Единственный способ – жить,
распространяя вокруг себя идеи сострадания и милосердия. Вильям Бугро. Милосердие. 1878. Музей искусств колледжа Смит, Массачусетс (США) |
О новой серии прозы, о том, что читать – и читать ли, о нетленках и «тленках» поуехавших и оставшихся в давно разоблаченном мороке родины авторах с Людмилой УЛИЦКОЙ побеседовала прозаик, лауреат премии «Нонконфоризм» 2012 года Наталья РУБАНОВА.
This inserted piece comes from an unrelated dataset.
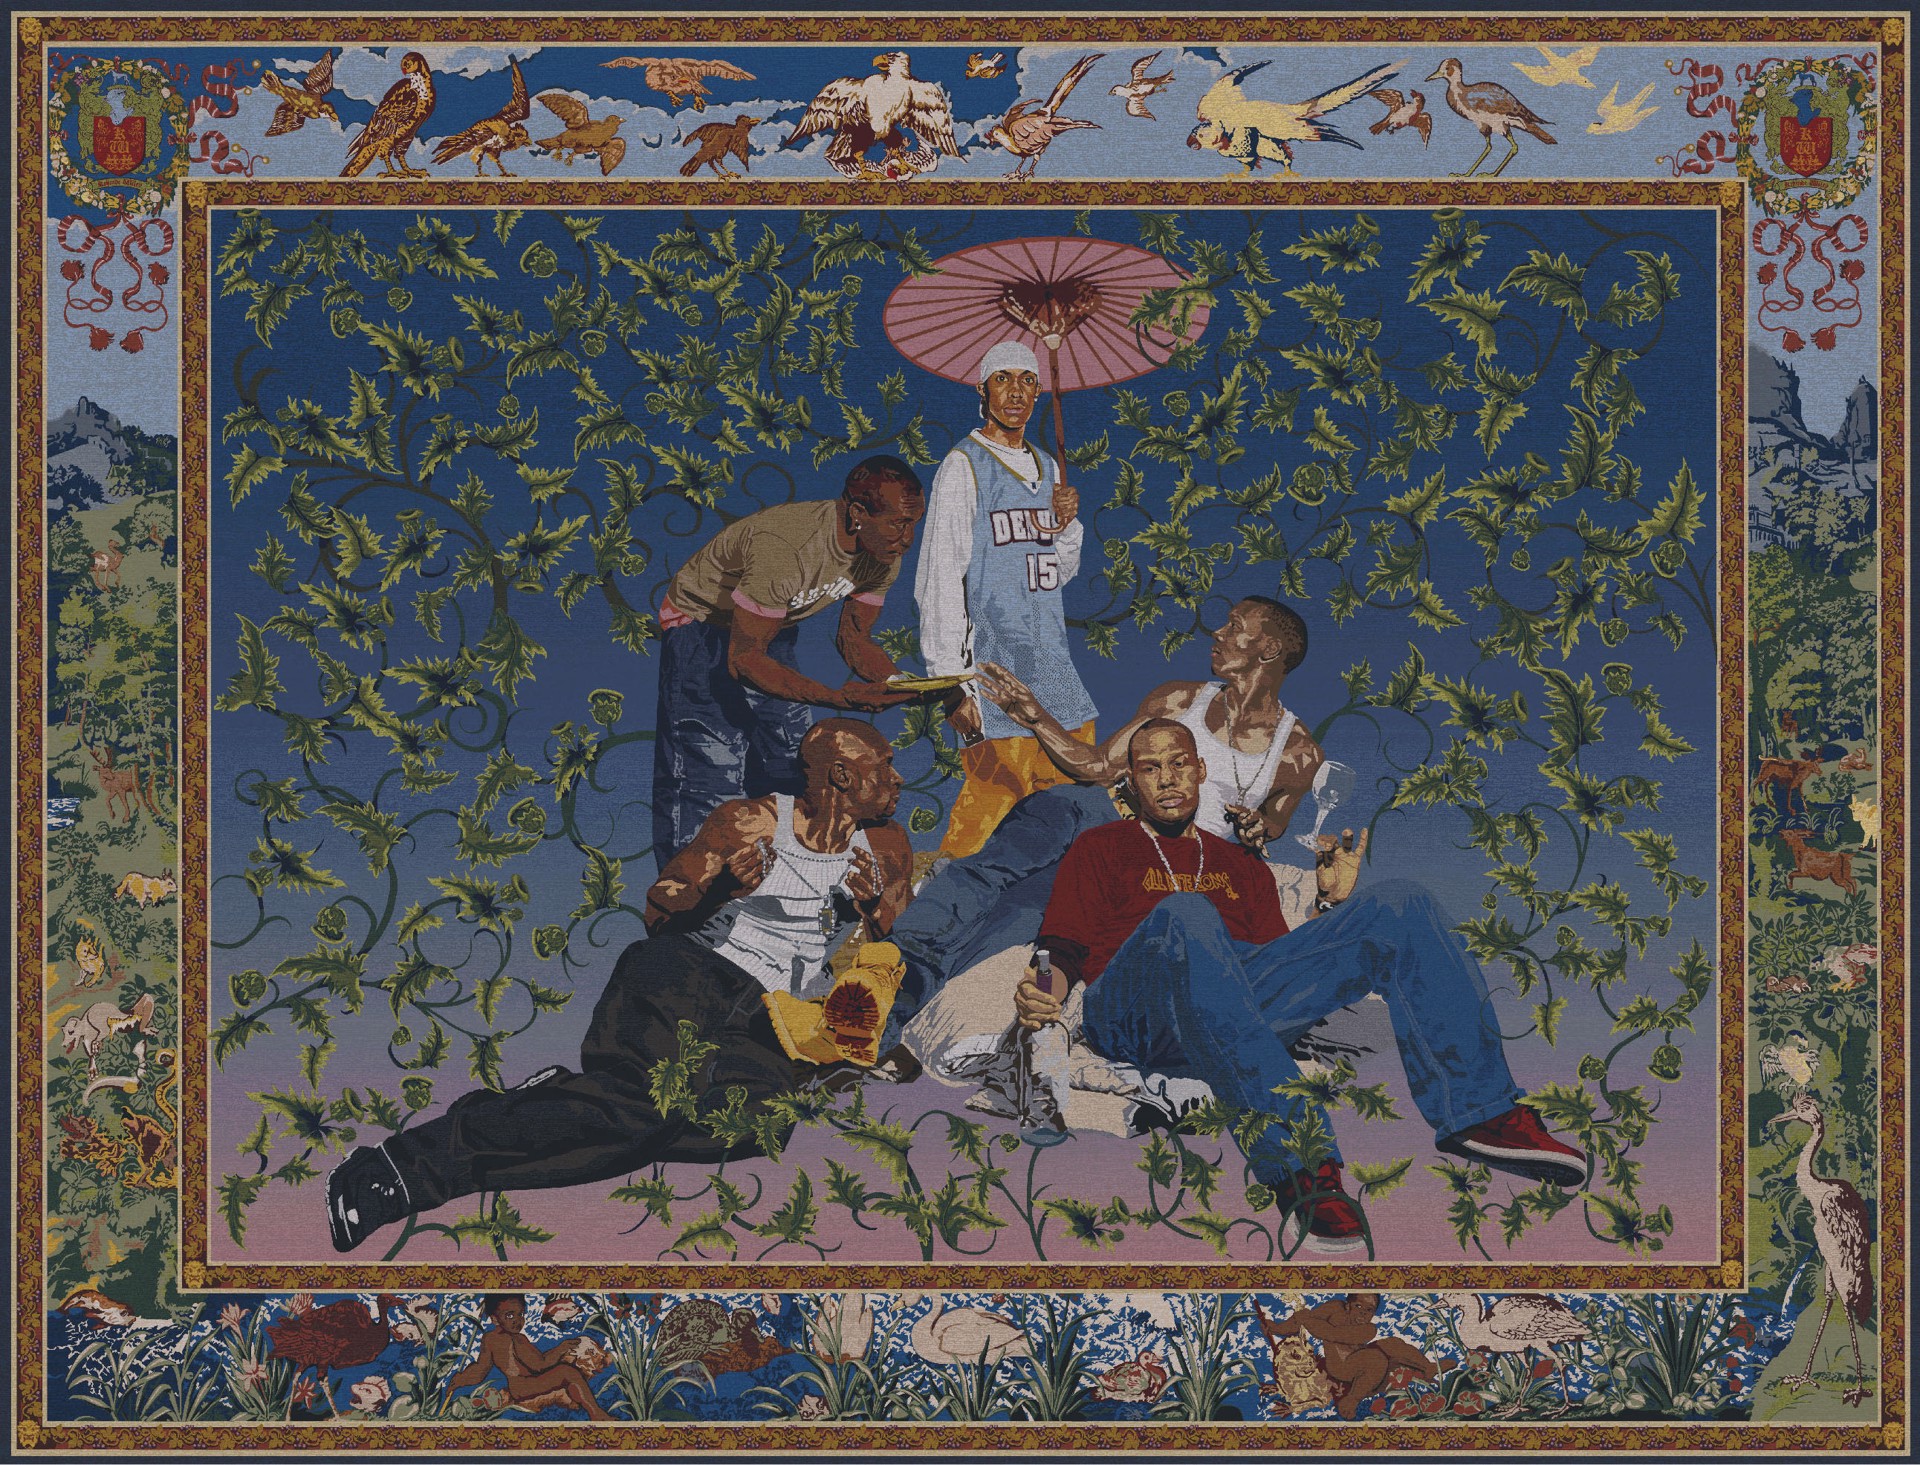 The Gypsy Fortune -Teller by Kehinde Wiley

– Людмила Евгеньевна, вы начали публиковаться после сорока: результаты хорошо известны. Не слишком ли много внимания уделяется сейчас молодым авторам (до 35 лет), когда резонно было б поддерживать уже состоявшихся, но оказавшихся ныне на обочине литпроцесса и которым «40–50 плюс»? Те же Валерия Нарбикова, Елена Сазанович… «И-и» в данном случае в России не работает: поддерживать младых – модно (как детдому помощь оказать), тогда как в условный дом престарелых вкладываться не так престижно: отработанный материал… Будучи существом пишущим и по иронии судьбы существом с приставкой «литагент», все чаще сталкиваешься с тем, что называется литературным геноцидом. Чем талантливее текст, тем сложнее издать книгу. Бумажную книгу. Такое случалось не раз и не два, и это совсем не забавная, не милая история – трепещущие за место редакторы делают вид, будто писателя не существует. В корзину летят еще те нетленки, цензура не только тематическая, но и стилистическая. «Как это продавать?» – слышны голоса функционеров от литературы. Есть ли противоядие или не стоит даже пытаться?..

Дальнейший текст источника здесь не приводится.